When constructing a command to acknowledge queue messages, AMPS allows an
application to specify a filter rather than a set of bookmarks. AMPS interprets
this as the client requesting acknowledgment of all messages that match the
filter. (This may include messages that the client has not received, subject
to the Leasing
model for the queue.)
As a more typical example of manual acknowledgment, the code below expires
all messages for a given id
that have a status other than cancel
. An
application might do this to halt processing of an order that it is about
to cancel:
void removePending(const Client& client, const std::string& orderId)
{
Command acknowledge("sow_delete");
acknowledge.setTopic(message.getTopic())
.setFilter("/id = '" + orderId +"' and /status != 'cancel'")
.setOptions("expire");
client.executeAsync(acknowledge, MessageHandler());
}
Example 7.3: Queue acknowledgment with a filter
In listing 7.3, the program specifies a topic and a filter to use to find the messages that should be removed. In this case, the program also provides the expire option to indicate that the messages have been removed from the queue rather than successfully processed (of course, whether this is the correct behavior for a canceled order depends on the expected message flow for your application).

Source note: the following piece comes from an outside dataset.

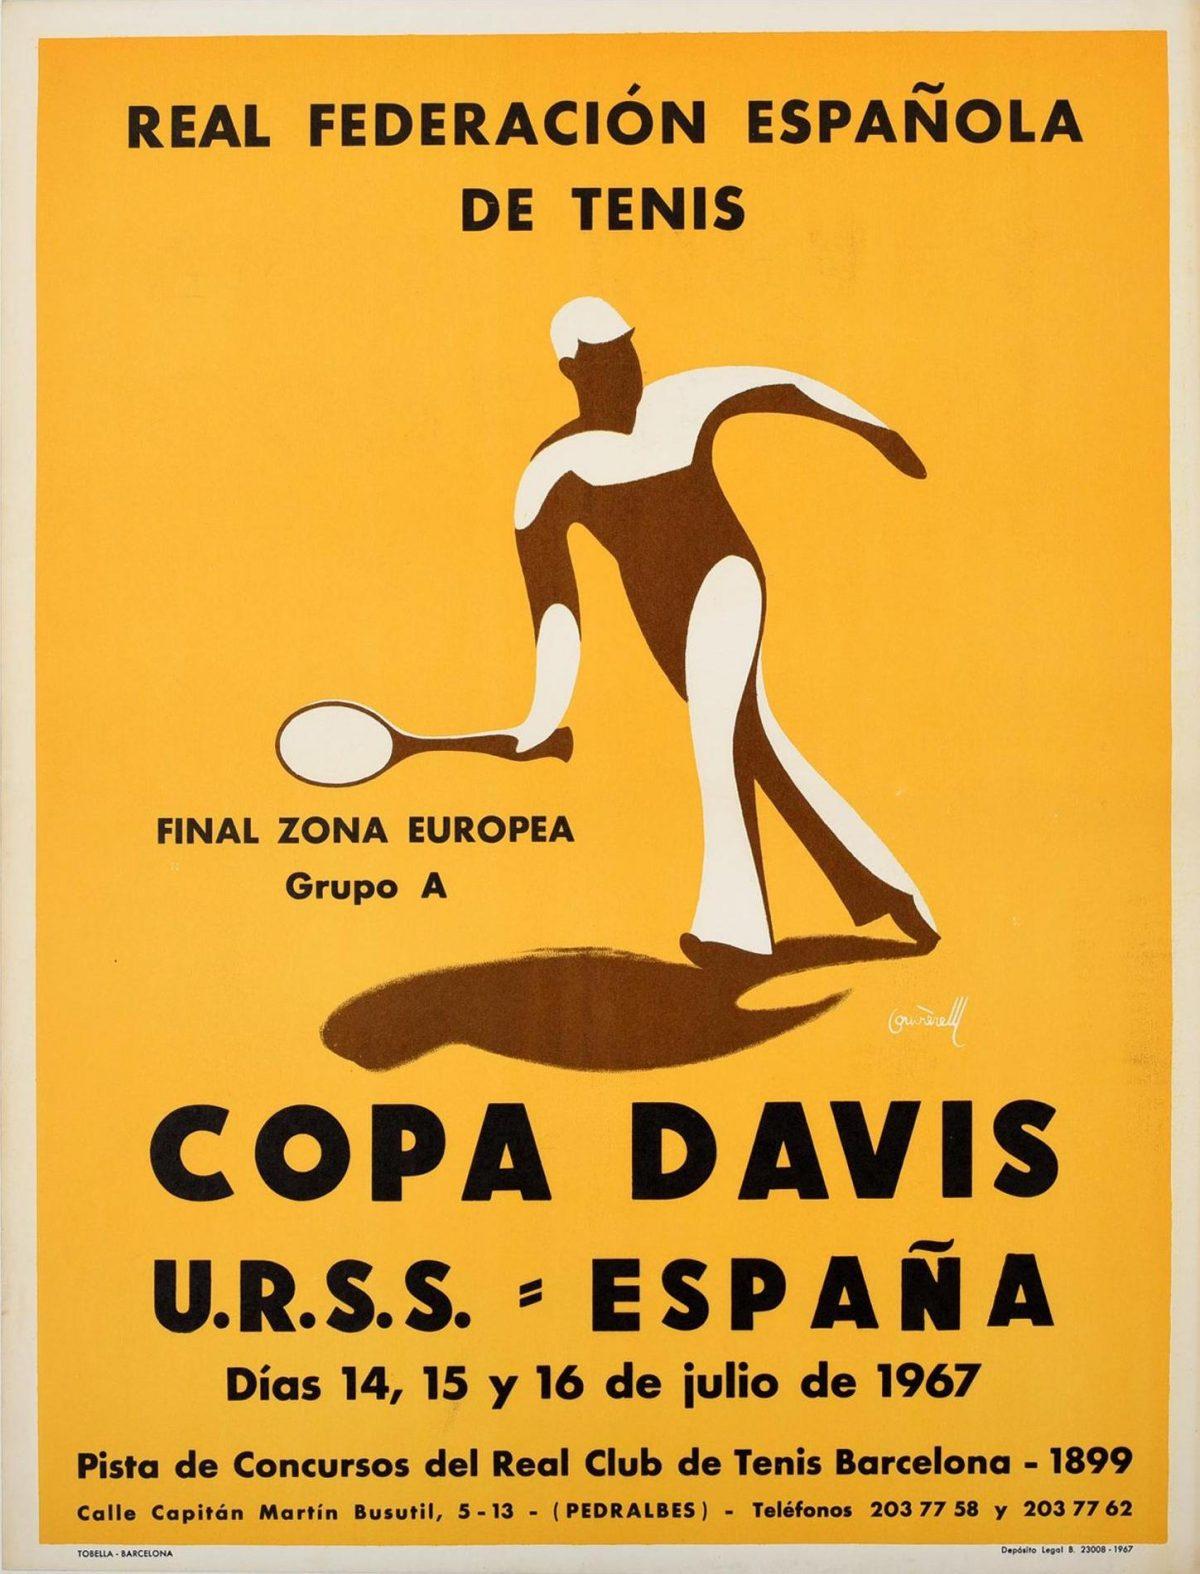 Oh Je Dis! Glorieux Vintage Tennis affiches 1895-1956

Notice that, as described in Understanding Threading and Message Handlers, this method
of acknowledging a message should not be used from a message handler unless
the sow_delete
is sent from a different client than the client that
called the message handler. Instead, 60East recommends using the ack()
function from within a message handler.
Samples of Working With a Queue¶
The C++ client includes the following samples that demonstrate how to query a topic in the State-of-the-World.
Sample Name | Demonstrates |
---|---|
amps_publish_queue.cpp |
Publishing messages to a queue topic. |
amps_consume_queue.cpp |
Consuming messages from a queue topic. |